If you ask an LLM what color is the sky it might say purple but if you give it a paragraph describing the atmosphere and then ask the same question it will almost always answer correctly. I don't think hallucinations are as big of a problem as people make them out to be.
Are you just writing negative posts without even seeing the product? The system queries the internet, aggregates that information and writes information based on your query.
The problem with LLMs is not a data problem. LLMs are stupid even on data they just generated.
One recent catastrophic failure I found: Ask an LLM to generate 10 pieces of data. Then in a second input, ask it to select (say) only numbers 1, 3, and 5 from the list. The LLM will probably return results numbered 1, 3, and 5, but chances are at least one of them will actually copy the data from a different number.
I'm absolutely not bullish on LLMs, but I think this is kinda judging a fish on its ability to climb a tree.
LLMs are looking at typical constructions of text, not an understanding of what it means. If you ask it what color the sky is, it'll find what text usually follows a sentence like that, and tries to construct a response from it.

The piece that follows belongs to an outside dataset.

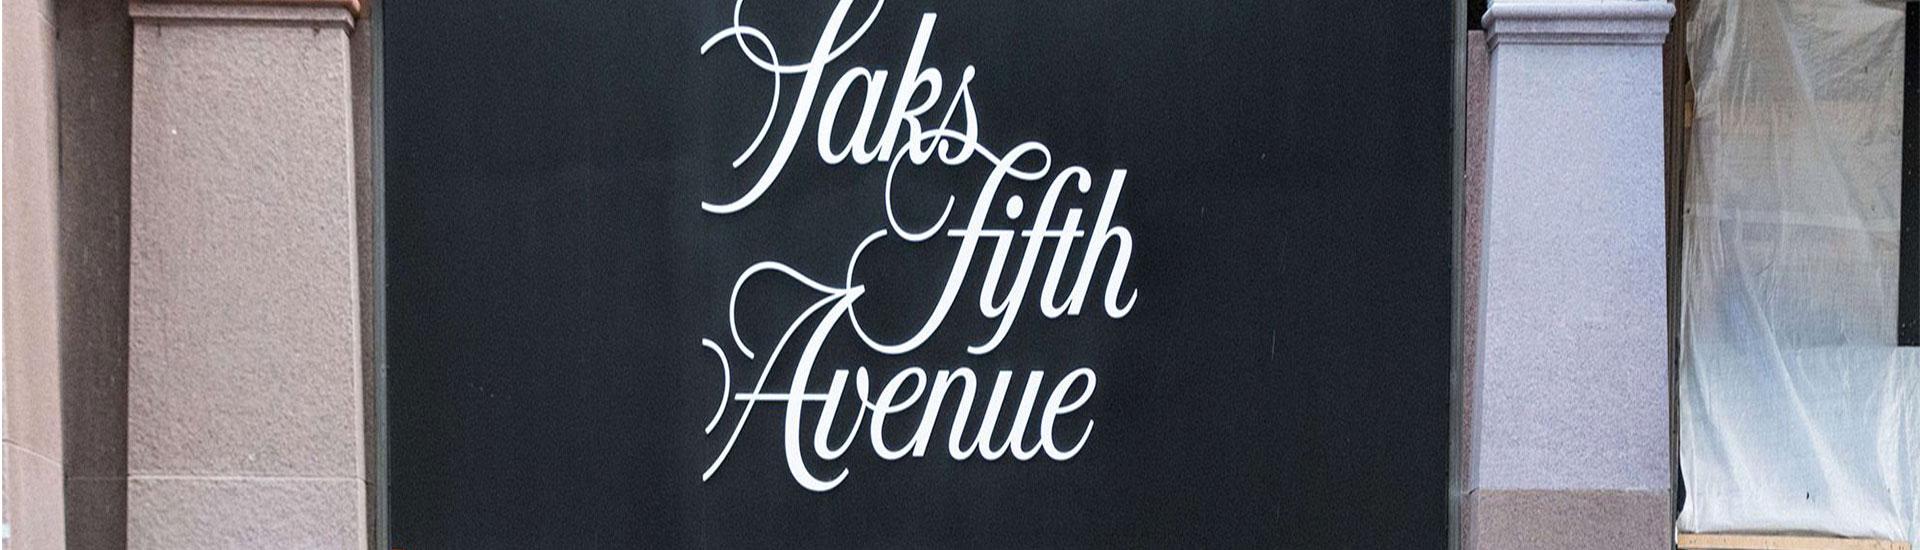 Saks Fifth Avenue'den Alışveriş

If you ask it the answer to a math question, the only way it could reliably figure it out is if it has in its database an exact copy of that math question. Asking it to choose things from a list is kinda like that, but one could imagine that the designers would try to supplement that manually with a different technique from pure LLM.
Any ideas why that misnumbering happens? It sounds a very basic thing to get wrong. And as a fallback, could be brute-force kludged with an extra pass which appends the output list to the prompt.
> You might be surprised to learn that I actually think LLMs have the potential to be not only fun but genuinely useful. “Show me some bullshit that would be typical in this context” can be a genuinely helpful question to have answered, in code and in natural language — for brainstorming, for seeing common conventions in an unfamiliar context, for having something crappy to react to.
> Alas, that does not remotely resemble how people are pitching this technology.
Why does this get downvoted so heavily? It’s my experience running LLM in production. At scale hallucinations are not a huge problem when you have reference material.